Duschl (2008), pautado em estudos sobre a ciência da aprendizagem e da educação científica, defende que a educação científica se dê em torno dos objetivos conceituais, epistêmicos e de processos sociais, afastando-o da aprendizagem apenas conceitual. Kelly e Licona (2018) apontam que esses objetivos estão interligados e possibilitam a construção de uma visão de ciência pautada em evidências e em práticas socioculturais, nas quais os estudantes participam por meio de interações discursivas.

Compreender as características das interações discursivas em sala de aula é fundamental, pois espera-se que nesse espaço se constitua uma comunidade em que os estudantes produzam, comuniquem, avaliem e legitimem o conhecimento. Berland (2008) entende as interações discursivas como “diálogo epistêmico” quando associadas à resolução de problema, envolvendo explicações e/ou argumentações, relacionadas ao conhecimento e a conceitos e não apenas à simples solução de problema.

A autora defende que o “diálogo epistêmico”, alinhado à cultura científica, inclua a construção de consenso e revisão por pares como pontos centrais para a cultura científica escolar. Assim, o “diálogo epistêmico” é aquele que emerge em uma comunidade na qual se faz uso de práticas argumentativas para definir o que conta ou não como conhecimento, utilizando-se de diversas práticas epistêmicas (Berland, 2008; Christodoulou & Osborne, 2014).
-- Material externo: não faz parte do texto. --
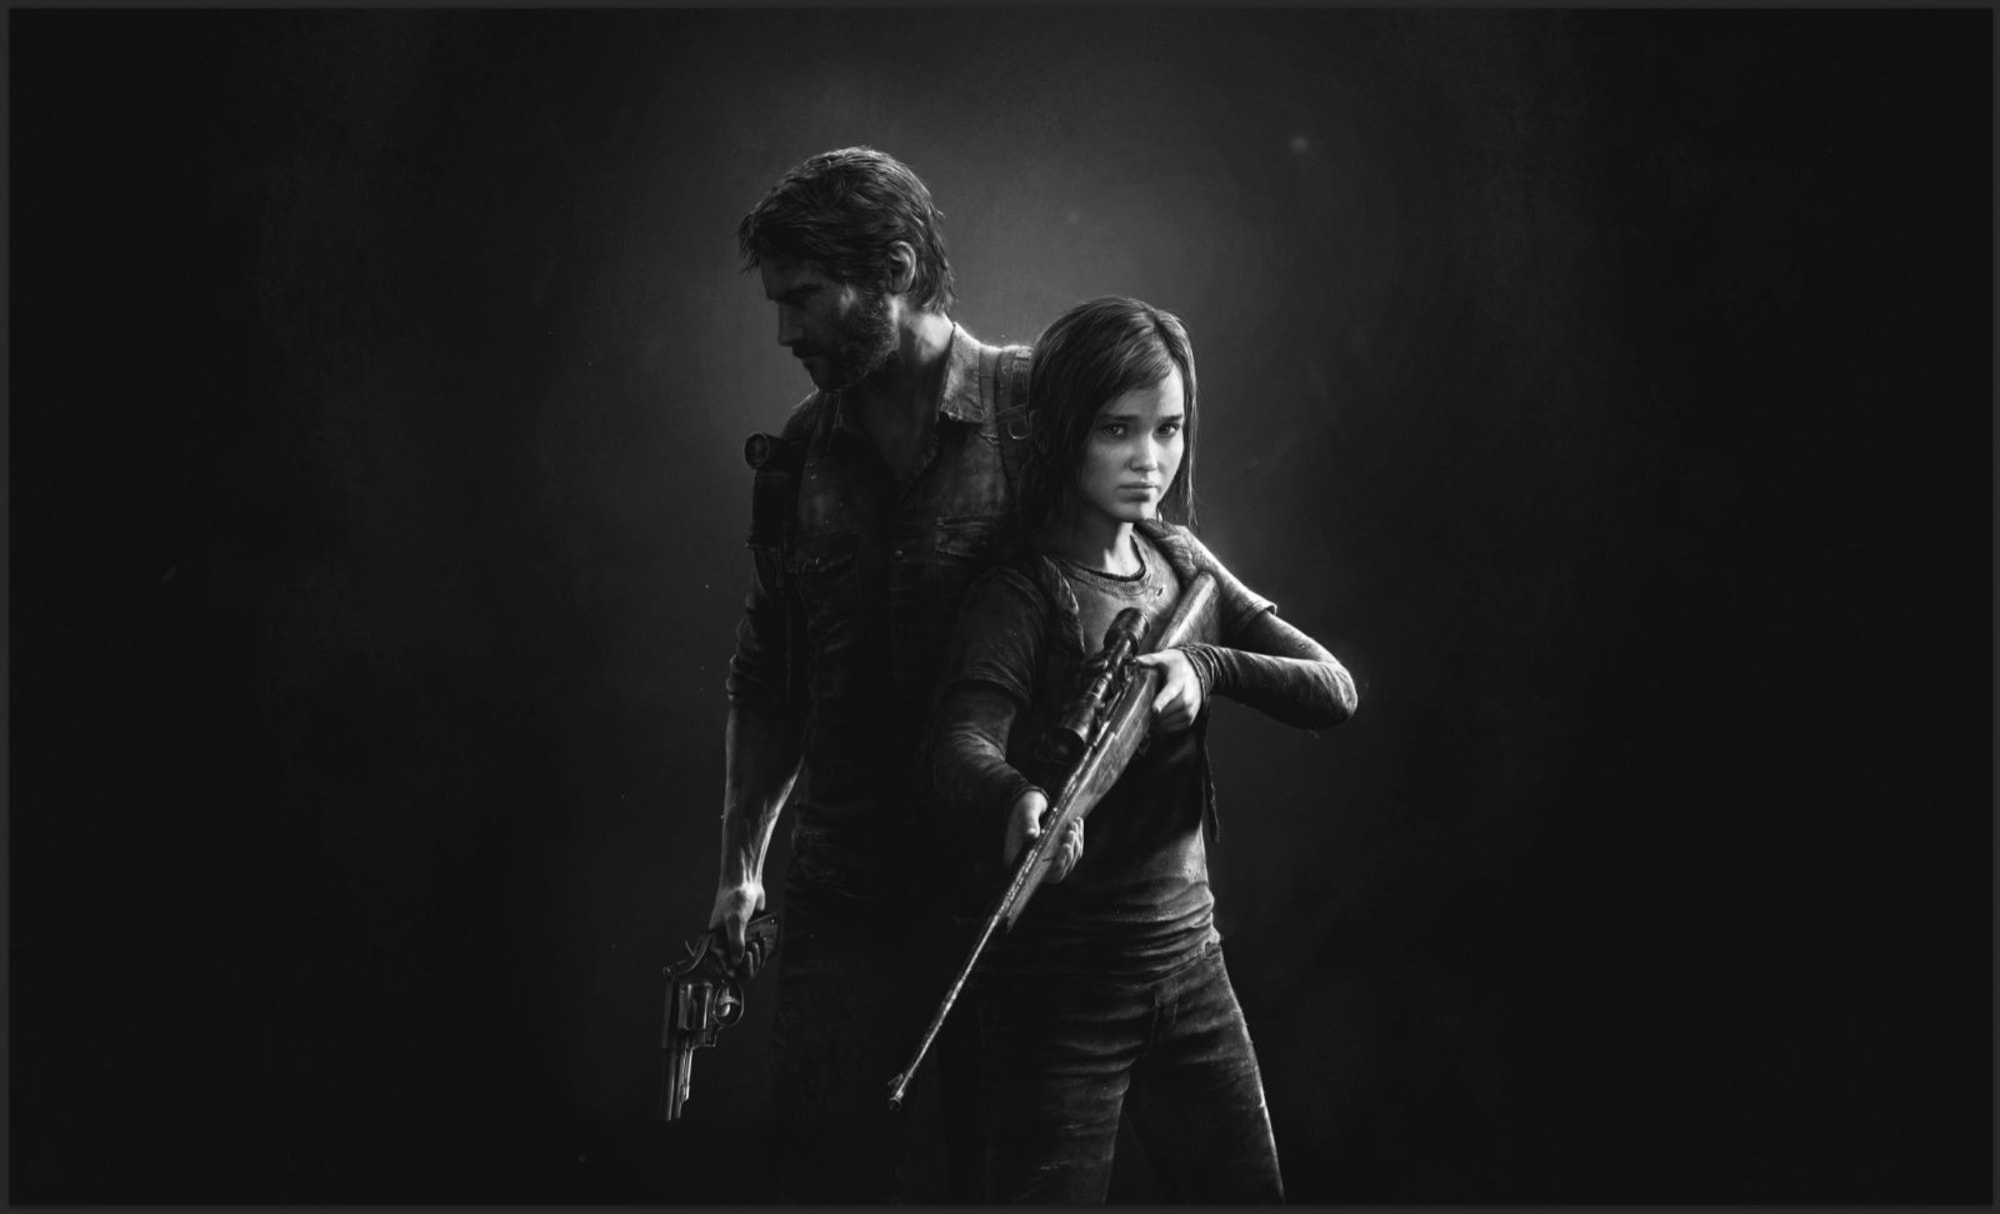 The Last of Us' Season 1 Ending Explained: What Happened?

A argumentação é uma prática fundamental para as comunidades científica e escolar e, como tal, ela é uma prática epistêmica. Por meio dos processos argumentativos podemos compreender as interações discursivas entre os estudantes, o professor e os materiais instrucionais (Sasseron, 2018a) e as práticas epistêmicas desenvolvidas.

Destacamos que na sala de aula acontecem múltiplas interações, entre as quais estamos interessados nas interações discursivas. Portanto, fomentar o desenvolvimento de interações e de processos argumentativos possibilita o desenvolvimento de práticas epistêmicas, visto que é por meio das interações que os estudantes podem participar das ações em sala de aula e se envolver no fazer ciências.

Na próxima seção, teceremos considerações sobre o que compreendemos por argumentação e argumento, detalhando sua importância para a compreensão das práticas epistêmicas.

Argumentação e Educação Científica

Nas últimas duas décadas observa-se um movimento no campo da Educação Científica que defende a argumentação como fundamental para a aprendizagem da Ciência, tanto como conhecimento quanto como prática (Berland & McNeill, 2012; Christodoulou & Osborne, 2014; Jiménez-Aleixandre & Erduran, 2007, entre outros). Estudiosos que investigam situações de ensino, como Sasseron (2018a) e Silva (2015), defendem a argumentação como prática epistêmica que favorecem o processo de Alfabetização Científica (Jiménez-Aleixandre & Erduran, 2007; Sasseron & Carvalho, 2011; Sasseron, 2015).

De acordo com Berland (2008), há duas vertentes de discussões sobre a argumentação no contexto educacional. Na primeira, ela está associada ao entendimento das ideias científicas, possibilitando aos estudantes internalizar os conceitos. Na segunda, trata-se da natureza argumentativa, visto que os estudantes podem utilizá-la para interagir em sala de aula na produção, comunicação e avaliação do conhecimento escolar.

Leitão (2011), por sua vez, destaca que a relação entre a argumentação e o processo de construção do conhecimento vem ocorrendo em dois caminhos. No primeiro, ela surge como interação discursiva que possibilita aos estudantes compreender temas, ideias, conceitos e teorias, “argumentar para aprender”. No segundo, ela passa a ser vista como uma competência que será construída por meio de práticas específicas, “aprender a argumentar”.

As considerações acerca da argumentação nas pesquisas em contextos educacionais e no processo de construção do conhecimento se aproximam. Em nosso trabalho, não delimitamos uma vertente, pois buscamos desenvolver um ambiente em que interações discursivas possam emergir e nele os estudantes possam “argumentar para aprender” e “aprender para argumentar” como uma prática epistêmica. Ou seja, é por meio dos processos argumentativos que os estudantes compreendem ideias, conceitos e teorias, argumentam para aprender e, por meio do processo argumentativo eles se envolvem em práticas epistêmicas.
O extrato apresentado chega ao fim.